As shown in FIG. 5, the coupling member 86 is composed of a supported portion 86a, a rotational force transmission portion 86b, and a coupling portion 86c. First, the supported portion 86a has a cylindrical shape with the rotation axis L1 of the coupling member 86 as the central axis. Next, the rotational force transmission portion 86b includes a cylindrical imparting portion 86b1 projecting in a direction orthogonal to the rotation axis L1, a large diameter portion 86b4 having a larger diameter than the supported portion 86a, and a large diameter portion 86b4. It has a shaft portion 86b3 that connects the coupling portion 86c. Here, the stepped portion between the large diameter portion 86b4 and the supported portion 86a is referred to as a stepped portion 86b2. The coupling portion 86c has a spherical outer shape, a base portion 86c3, a pair of protruding portions (projections) 86c1 protruding outward from the rotation shaft L1 from the base portion 86c3, and a spherical shape formed by hollowing out the base portion 86c3 concentrically with the base portion 86c3. It has a recess 86c4.

The coupling portion 86c is a portion for coupling with the drive head 14 provided in the main body. A pair of protruding portions 86c1 provided on the coupling portion 86c come into contact with the drive pins 14b of the drive head 14, and thus receive a rotational force (driving force) from the drive head 14. The contact portion of the protruding portion 86c1 that comes into contact with the drive pin 14b is a force receiving portion (rotational force receiving portion, driving force receiving portion) for receiving a rotational force. The coupling member 86 and the drum cylinder 62 rotate due to the rotational force received by the protrusion 86c1.

The recess 86c1 is a surface formed by recessing the base portion 86c3, and faces the side opposite to the supported portion 86a (that is, the free end side of the coupling member 86). Further, the protruding portion 86c1 is a protrusion protruding from a surface in the vicinity of the recess 86c1. That is, the base portion 86c3 has an annular surface (edge) around the recess 86c1, and the protruding portion 86c1 projects from the annular surface. The coupling member 86 has a plurality of protrusions 86c1 (two in this embodiment).

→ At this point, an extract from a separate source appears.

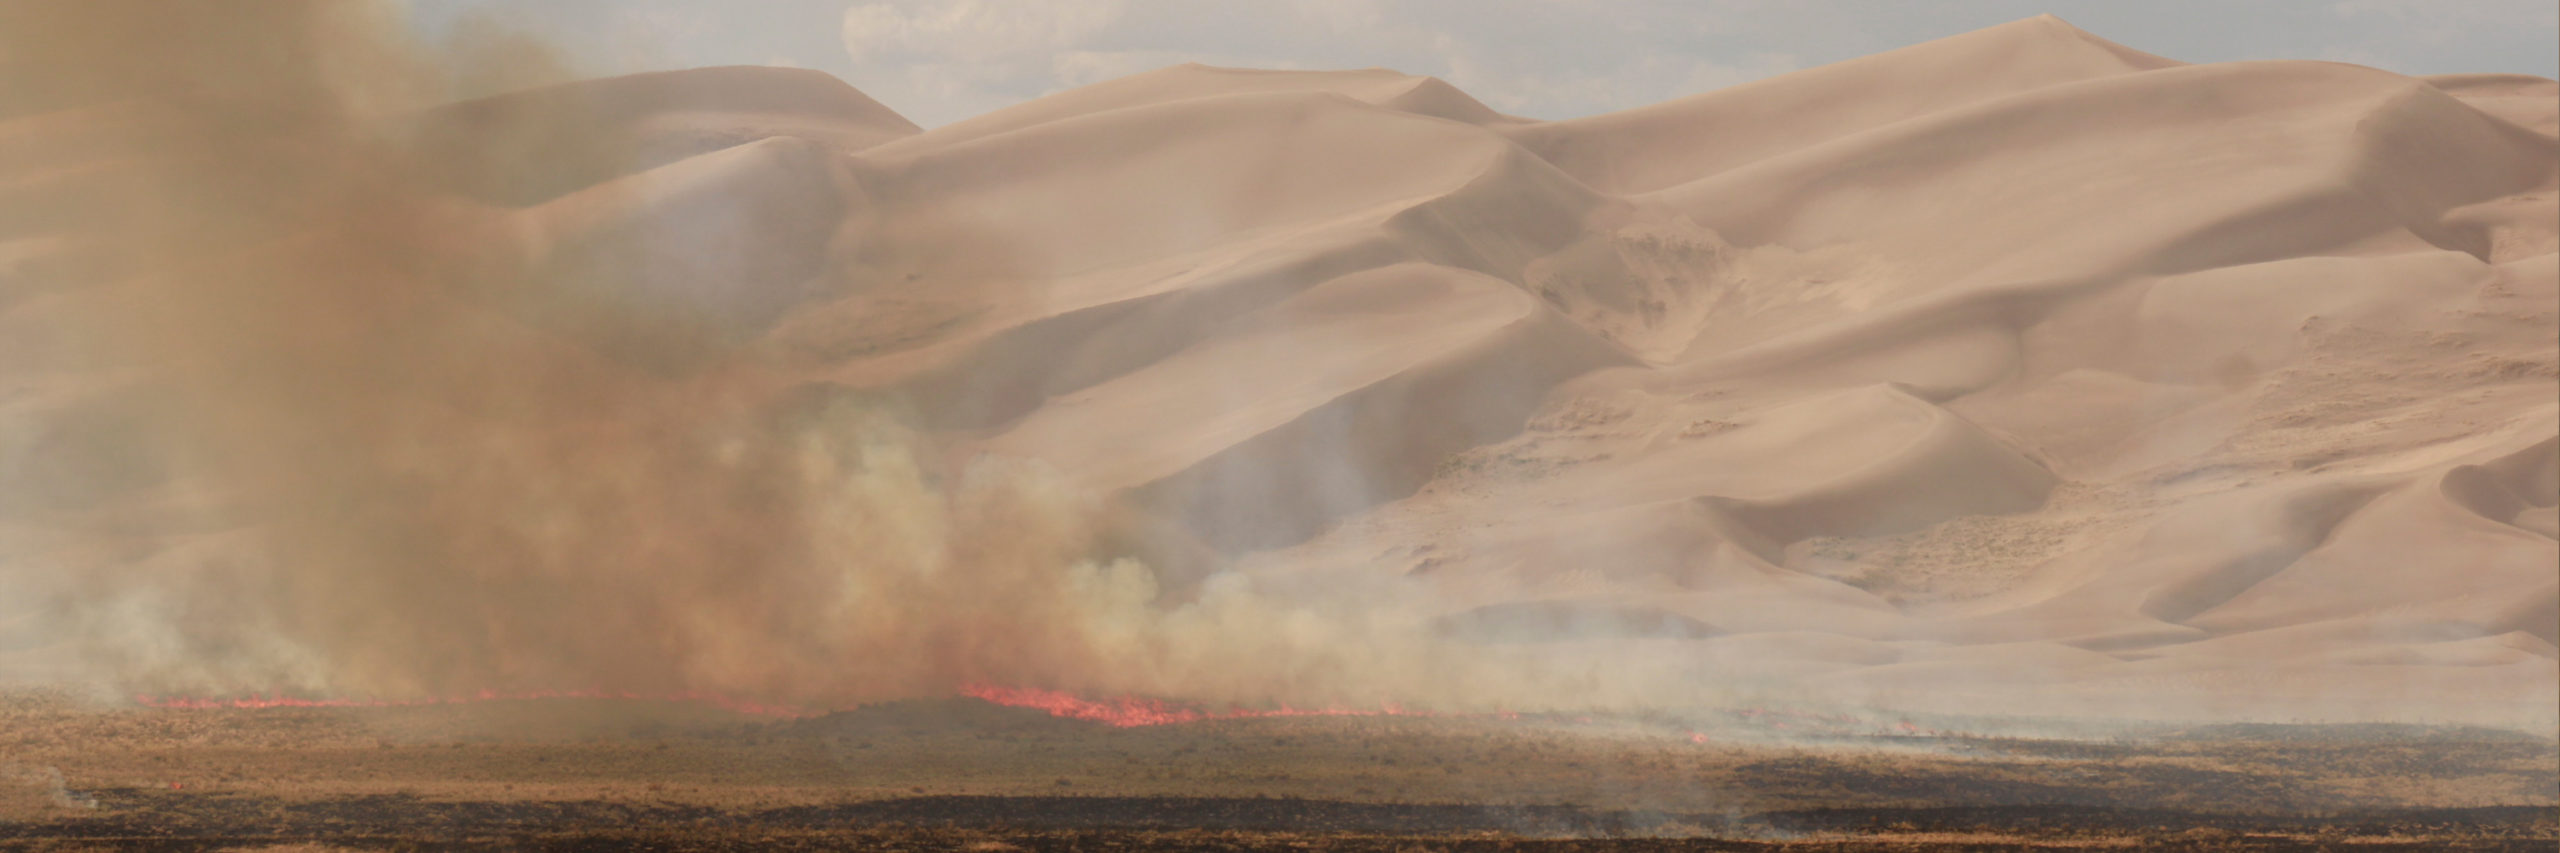 fire and smoke with the Sand Dunes visible in the background

The protruding portion 86c1 projects in the direction of the axis L1 (axis L2) in a direction away from the drum cylinder 62. In other words, the protruding portion 86c1 protrudes toward the tip of the coupling member 86. The coupling member 86 is farthest from the drum cylinder 62 in the direction of the axis L1 at the tip of the protrusion 86c1.

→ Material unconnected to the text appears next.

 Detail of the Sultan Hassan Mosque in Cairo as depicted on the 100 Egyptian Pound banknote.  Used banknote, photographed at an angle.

The base portion 86c1 is a portion forming an end portion (first end portion) of the coupling member 86. The protrusion 86c1 is a protrusion that further protrudes from the base 86c1 toward the tip of the coupling member 86.

Further, the supported portion 86a and the large diameter portion 86b4 are portions that are arranged inside the drum unit and are connected to and fixed to the drive side flange 87 described later. That is, the supported portion 86a and the large diameter portion 86b4 are portions that form a fixed end (second end portion) connected to the drive-side flange 87.

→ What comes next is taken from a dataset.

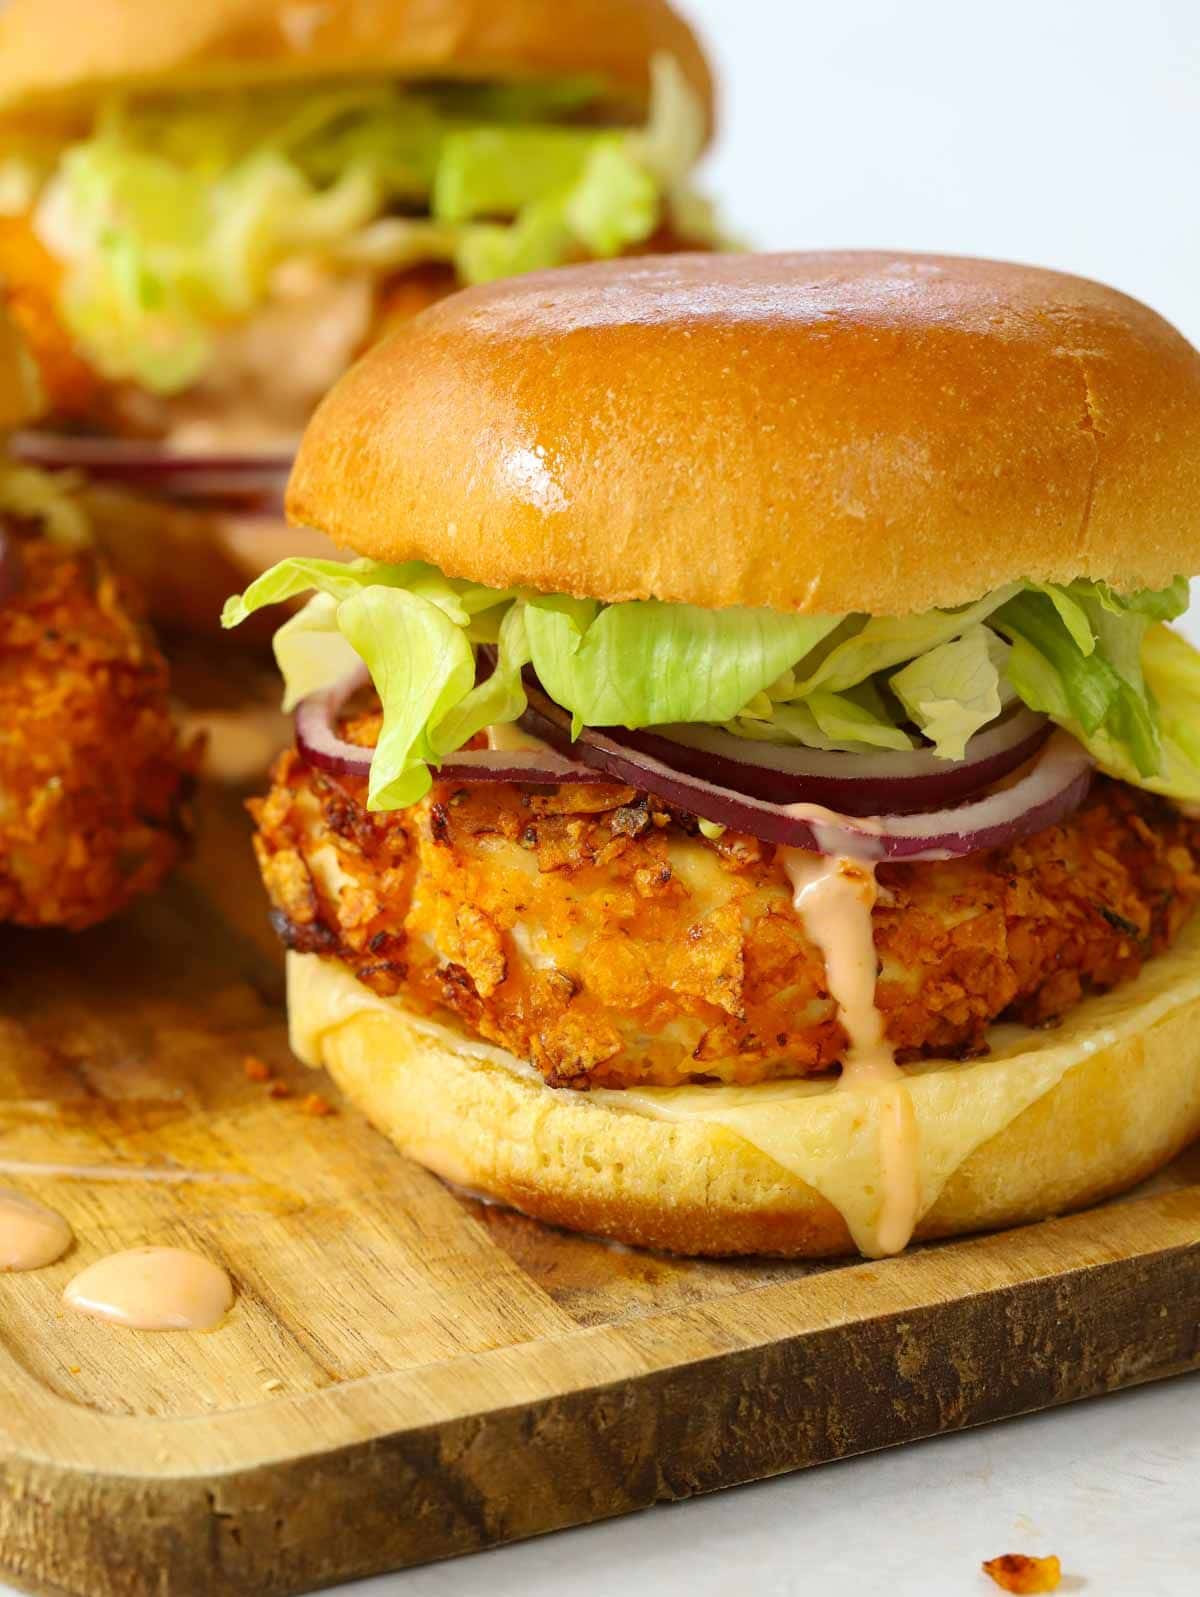 A Crispy Chicken Burger with salad and hot honey sauce on a serving board, ready to eat.

Further, the shaft portion 86b3 is a connecting portion connecting the first end portion and the second end portion of the coupling member. The distance from the axis L2 of the coupling member 86 to the surface of the shaft portion 86b (that is, the radius of the shaft portion 86b) is shorter than the distance from the protrusion 86c1 to the axis. The distance between the protrusion 86c1 and the axis L2 varies depending on the position of the protrusion 86c1, but both the shortest distance and the longest distance from the protrusion 86c to the axis L2 are longer than the distance from the axis L2 to the surface of the axis 86b.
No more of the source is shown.